New California Law Gives Brewery Tasting Rooms a Break

http://blogs.sfweekly.com/foodie/2011/08/new_california_law_gives_brewe.php

By Jason HenryFri., Aug. 5 2011

You walk into a brewery tasting room and order a sample. The beer is delicious, but you can't help noticing that the brewery doesn't have washable tile flooring and the cashier isn't far from the dishwasher. Naturally, there's only one thing to do -- complain to the health department!

You might be thinking, "Who cares! It's a brewery tasting room, not a restaurant kitchen!"

Well, until recently, there was no distinction made in the eyes of California law.

The issue came into public scrutiny in April 2010, when an anonymous patron (hostile competition?) lodged a complaint against San Diego's Lost Abbey Brewery and ignited a series of inspections that brought the nuances of tasting room law to light.

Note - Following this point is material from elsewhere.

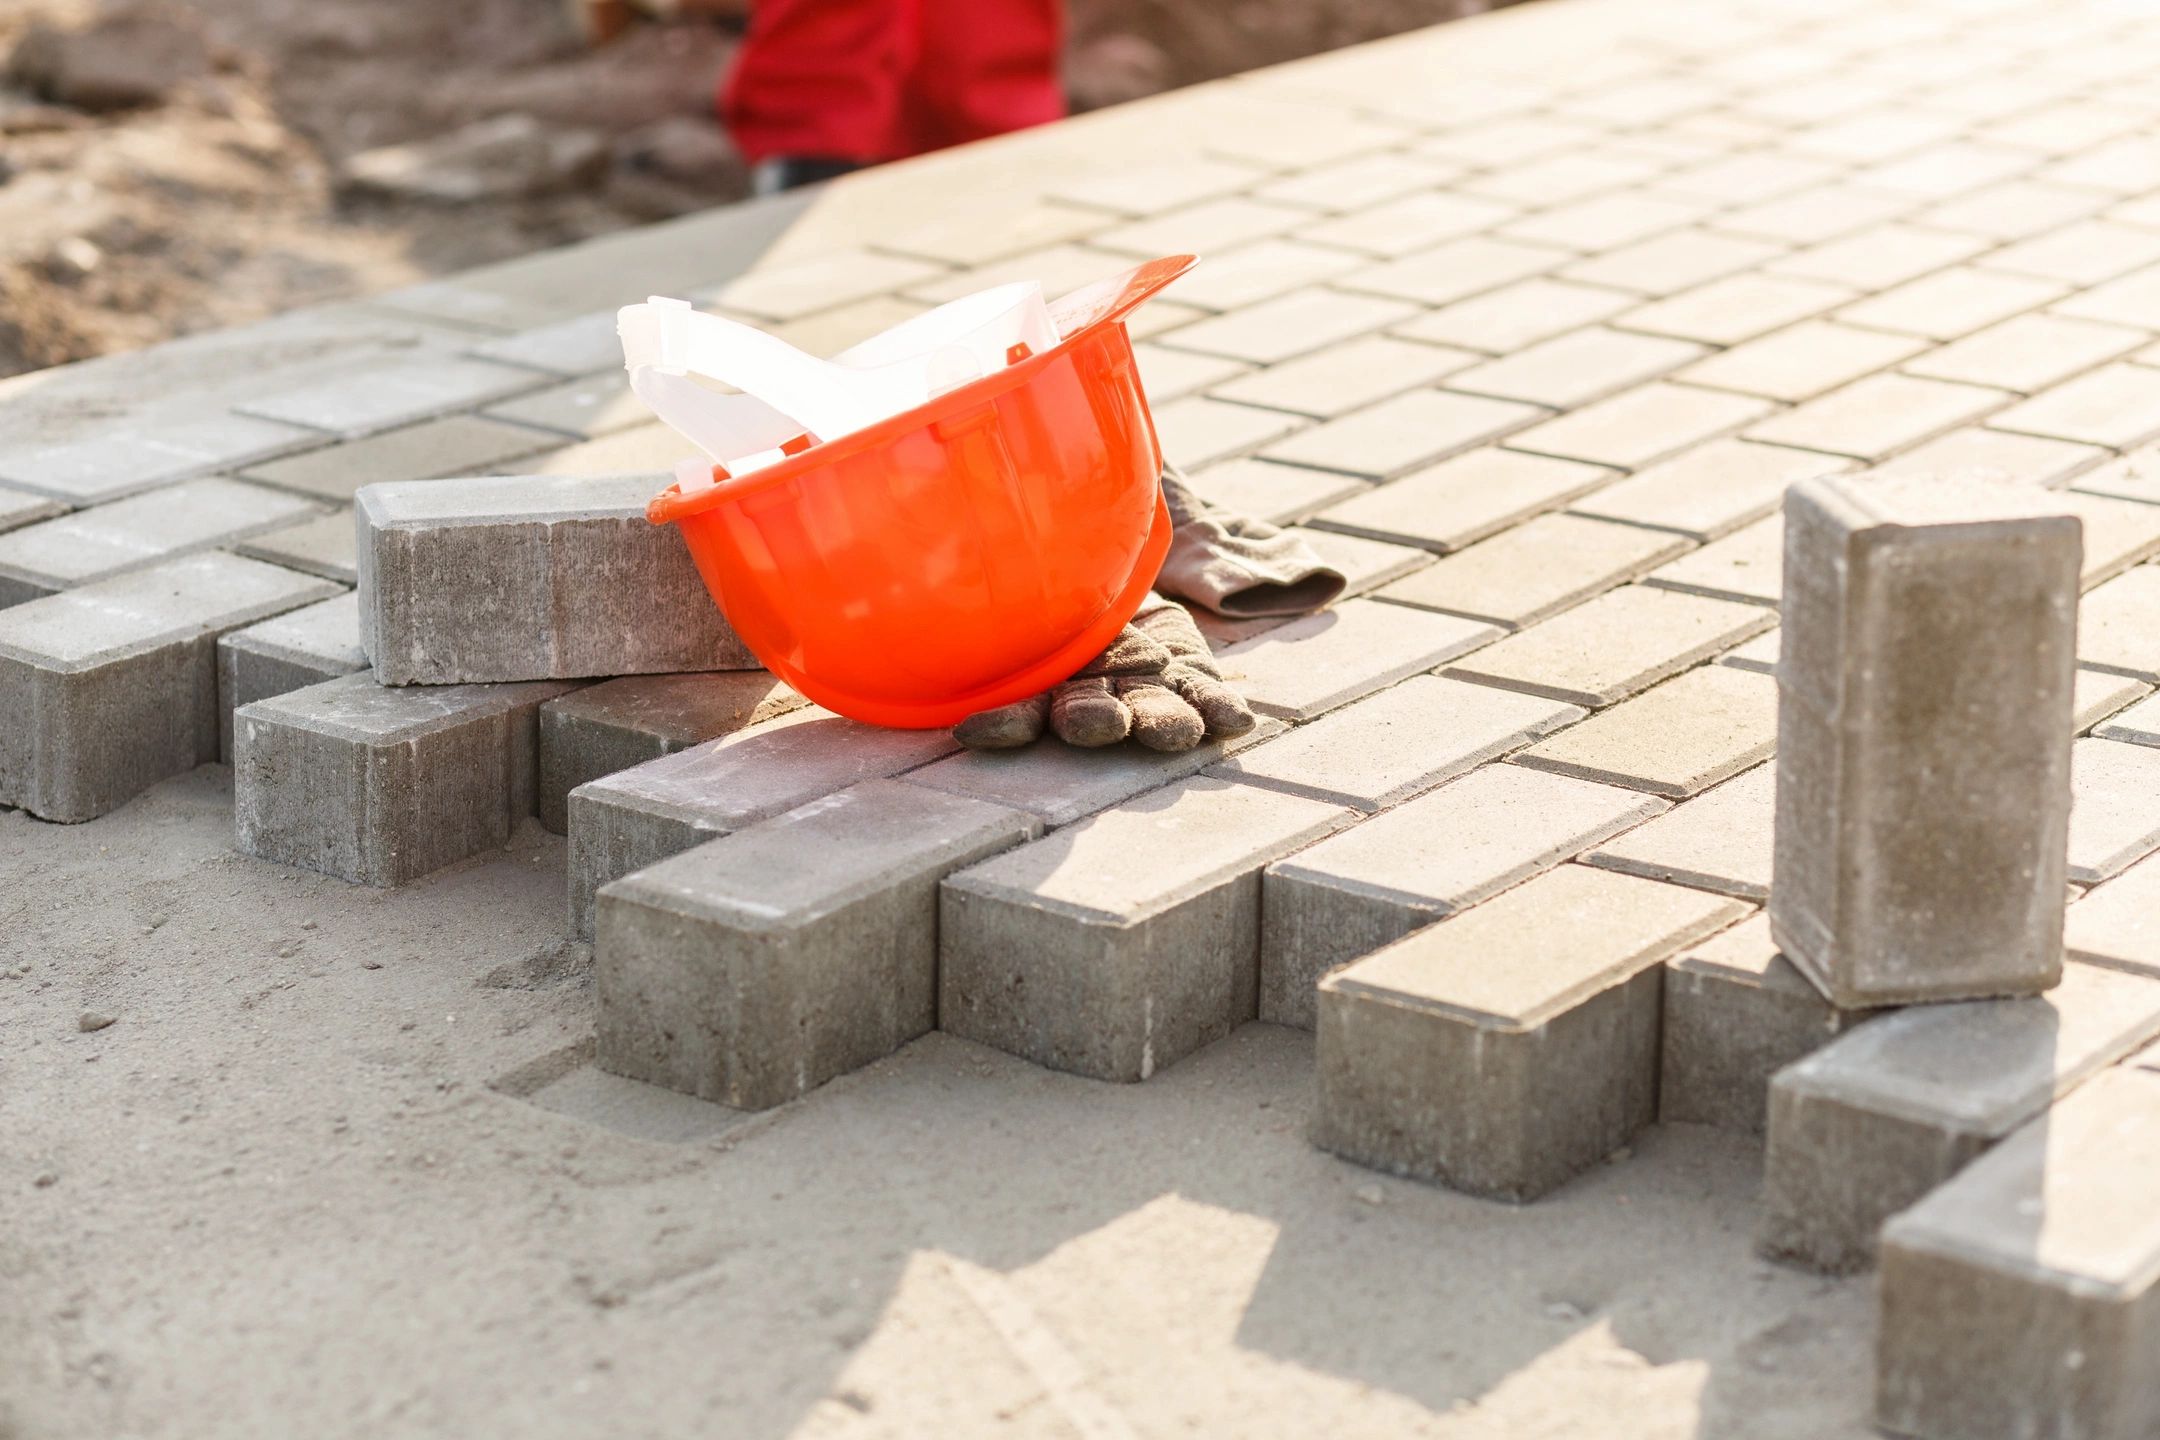 Northend Pavers are a well-known brick paving company operating from Mandurah to Perth.

As Lost Abbey's Tomme Arthur noted, brewery tasting rooms without restaurants hadn't previously been inspected by health officials or ordered to comply with strict restaurant building codes. Now, they faced costly renovations such as installing floor drains and industrial sinks, which can cost hundreds of thousands of dollars because of the complex plumbing that can be involved.

Thankfully, Gov. Jerry Brown earlier this week signed the Tasting Room Bill (AB 1014) into law, which eliminates the requirement to install restaurant grade equipment.

The California Small Brewers Association noted, "This is a common sense law that garnered bipartisan support at the Capitol. Yet another example that good beer brings people together."

Realistically, the vast majorities of breweries were not following the stringent codes to begin with. After speaking to a number of Bay Area breweries, SFoodie believes the new law is simply nullifying code requirements that were largely being ignored anyway.

Some newer tasting rooms, however, bore the burden of expensive buildouts. Not knowing when or if the bill would pass, Drake's Brewery built its new Barrel House to restaurant specs.

Drake's manager John Martin told SFoodie that it took seven trips to the Health Department and substantial architect, construction, and permit fees to get the tasting room up and running. Martin said the bill came "too late for Drake's, but other breweries will have an easier time in the future, which is great."

The bill places brewery tasting rooms on equal footing with winery tasting rooms, which were already exempted from the stringent health code requirements.

[Cue dramatically garbled astronaut voice] "One small step for beer tasting rooms, one giant leap for craft brewing."


----------



## Alias (Aug 8, 2011)

Roll out the barrel.........we'll have a barrel of fun.......


----------